← Back to portfolio

5 Books From Our Childhood We Should All Reread

Published on

It’s easy to forget how much our childhood books shaped us.

They were the books we all owned in hard copy—hard cover, even. They were the books we read and reread so many times without getting sick of them. They were the books that took us to entirely new worlds and let our already free imaginations run freer. As we grow older, imagination sometimes takes a back seat to facts, analytics and logic. Flash back for a moment—take the time to reread some books from your childhood and marvel in their simple profundity. Here are a few that we like.

The Lorax

"Unless someone like you...cares a whole awful lot...nothing is going to get better...It's not."

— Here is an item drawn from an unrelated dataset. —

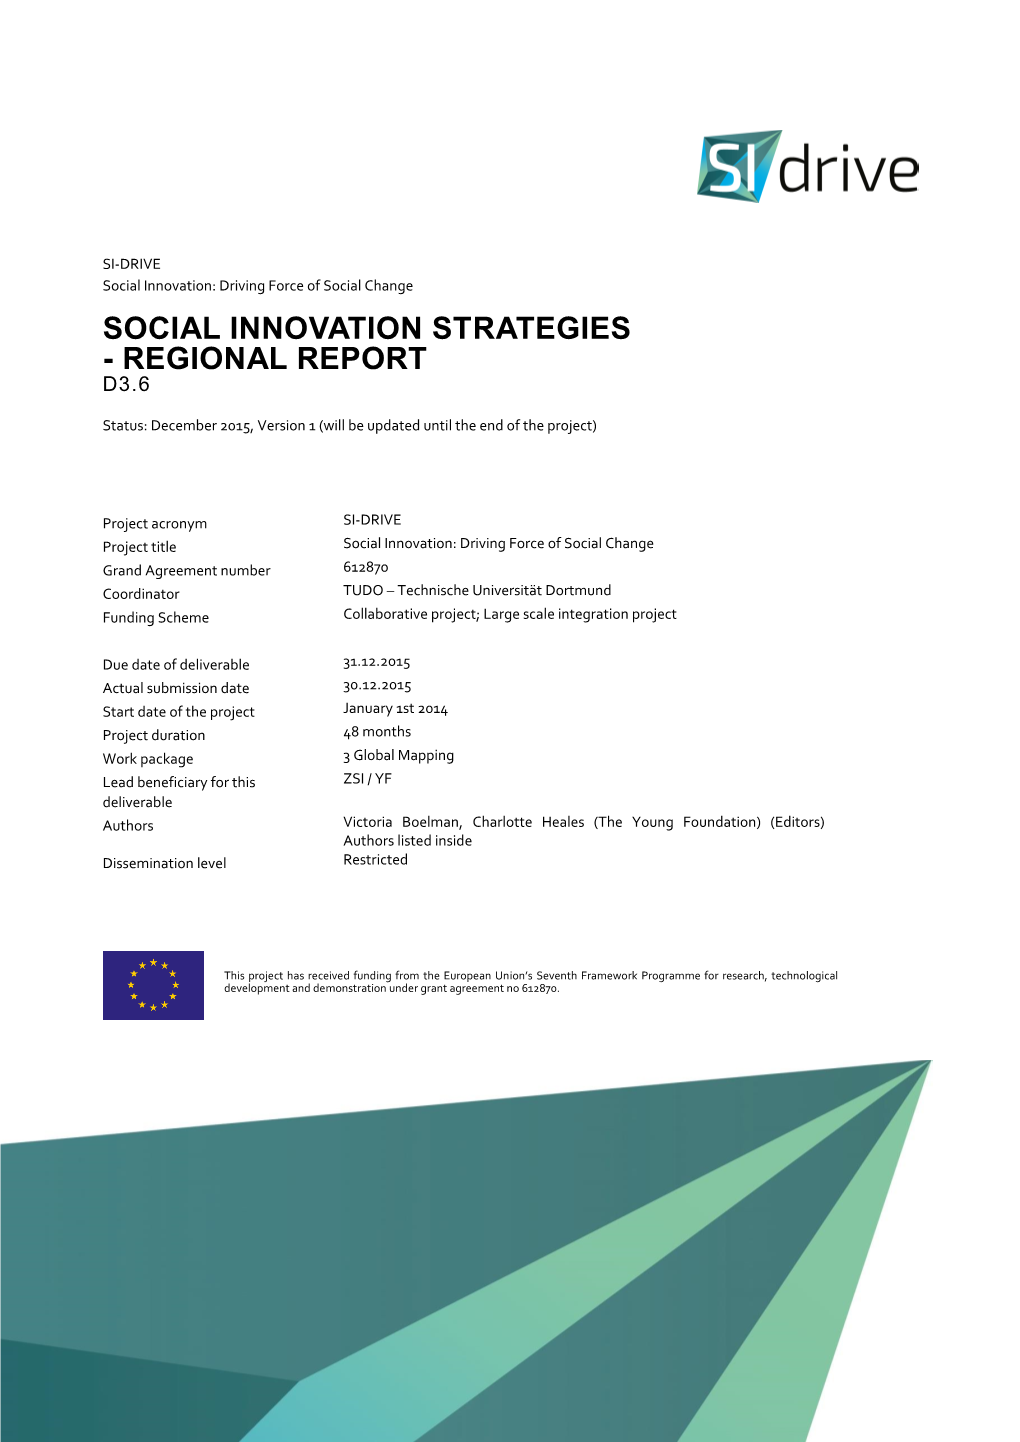 D3.6 Social Innovation Strategies: Regional Report

Dr. Seuss was a revolutionary and an activist, calling us to action with this ecological warning of a book. Still incredibly relevant today, the message of The Lorax transcends just environmentalism to any social issue worth fighting for. Ignore the Ages 6-9 stamp because this book is wise far beyond its stamped years.

Matilda

“So Matilda’s strong young mind continued to grow, nurtured by the voices of all those authors who had sent their books out into the world like ships on the sea. These books gave Matilda a hopeful and comforting message: You are not alone.”

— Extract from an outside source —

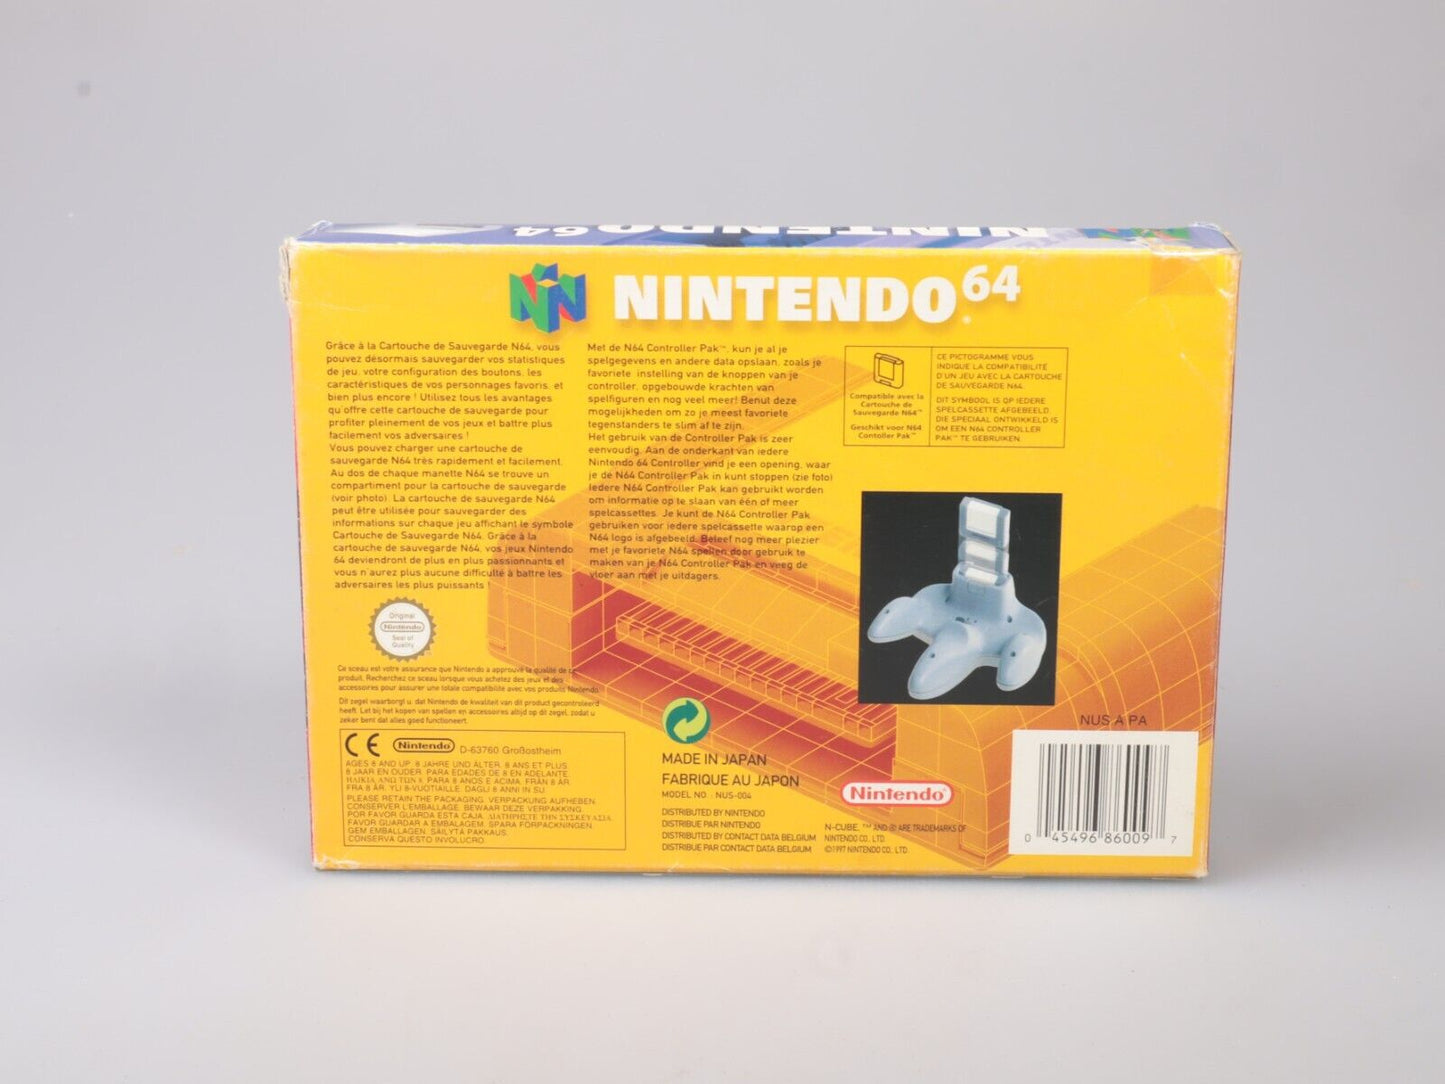 N64 | Nintendo 64 Controller Pak | Boxed | Official Nintendo 64

A girl just needs to read a book about a girl who loves nothing more than books, a story in which knowledge, adventure and non-romantic love are the warriors and champions of the plotline. Roald Dahl paints a picture of a young woman we all strive to be like on the daily—smart and unapologetically herself.

The Lion, the Witch, and the Wardrobe

“I wrote this story for you, but when I began it I had not realized that girls grow quicker than books. As a result you are already too old for fairy tales, and by the time it is printed and bound you will be older still. But some day you will be old enough to start reading fairy tales again. You can then take it down from some upper shelf, dust it, and tell me what you think of it.”

C.S. Lewis wrote these words to his goddaughter, Lucy Barfield, and the love and poignancy they hold strikes such a chord. We are old enough to start reading fairy tales again, and there is nothing that transports our minds quite like The Lion, the Witch, and the Wardrobe does. It makes extraordinary out of the ordinary.

Green Eggs and Ham

“I do not like green eggs and ham. I do not like them, Sam-I-Am.” 
“Try them, try them, and you may! Try them and you may, I say.”

Another Dr. Seuss gem, Green Eggs and Ham may not have as much political flair as The Lorax, but its takeaway is no less important. Sam-I-Am relentlessly shows us how we can’t just judge things by their appearances, how making up our minds about that which we know nothing about is close-minded.

The Little Prince

“All grown-ups were once children... but only few of them remember it.”

The ultimate look at adulthood through the eyes of a little prince, this book will probably mean even more to us now than it did when we were little ourselves. Antoine de Saint-Exupéry perfectly captures the silliness of grown-ups who get caught up in arbitrary rules and structures, of those who talk themselves into illogical logic. These lessons are warm and welcome reminders as we transition into adulthood ourselves.